クロードは放課後になると砂漠地帯にやってきて寝なければならない時間ギリギリまで氷像作成を続けた。

氷像作成はクロードの魔法制御術を飛躍的に高めるのに一役買ったのである。

普段、攻撃魔法はただ相手を倒せればよいと制御がおろそかになりがちだが必要最低限の魔力で倒せるようになれば継戦能力があがるのは間違いない。
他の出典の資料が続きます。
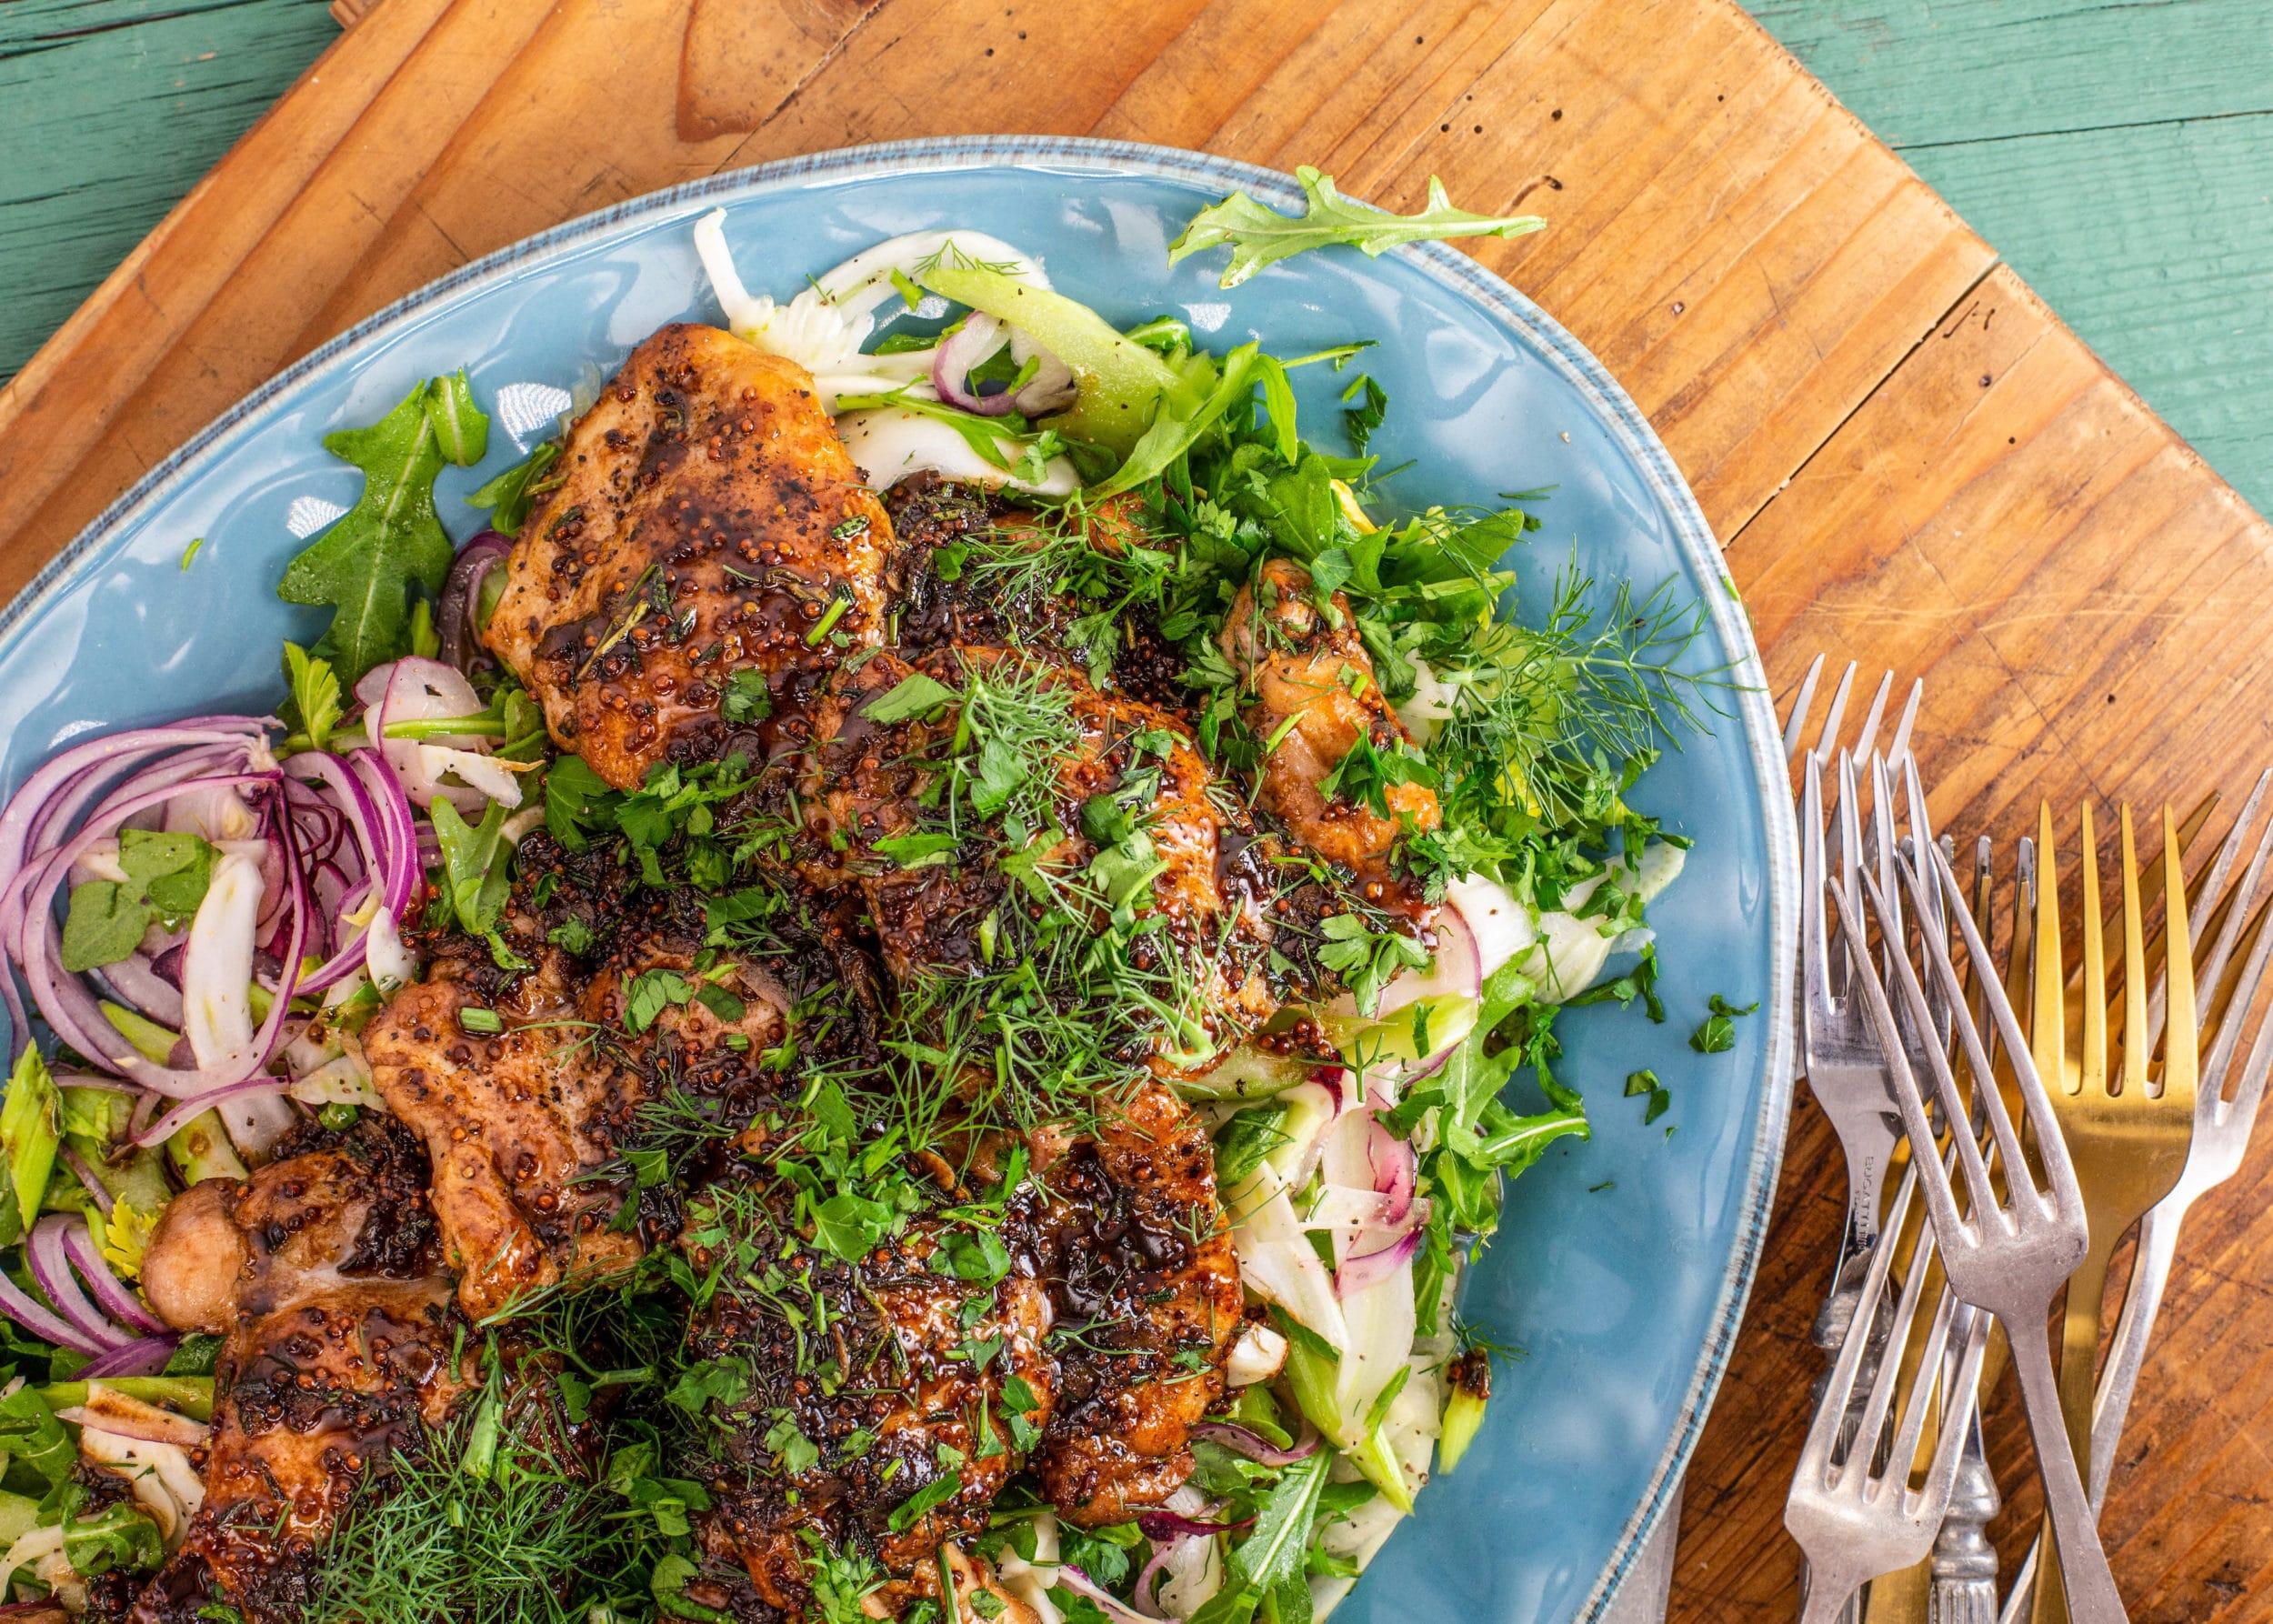 Rachael's Balsamic-Glazed Chicken with Fennel & Celery Slaw

慣れてきて1つ作れるようになると2つ同時に氷像を作成する。

それが出来るようになればまた1つ増やし最終的には10個同時に作れるようになっていた。

満足のいく結果を出せたところで次の段階に進む。

氷像に光を乱反射させて美しく見えるようにライトアップする。

より美しく見せるためにはどうしたらいいのか試行錯誤を繰り返して最適解を導き出してゆく。

最後は炎の龍を作り出し氷像の間を動かしてゆく。

炎の龍の熱で氷像は全て溶けて消えてゆく。

全ての工程が完成したのは魔法競技祭の開催1日前だった。

ギリギリではあるが無事に完成を見てほっとするクロードなのであった。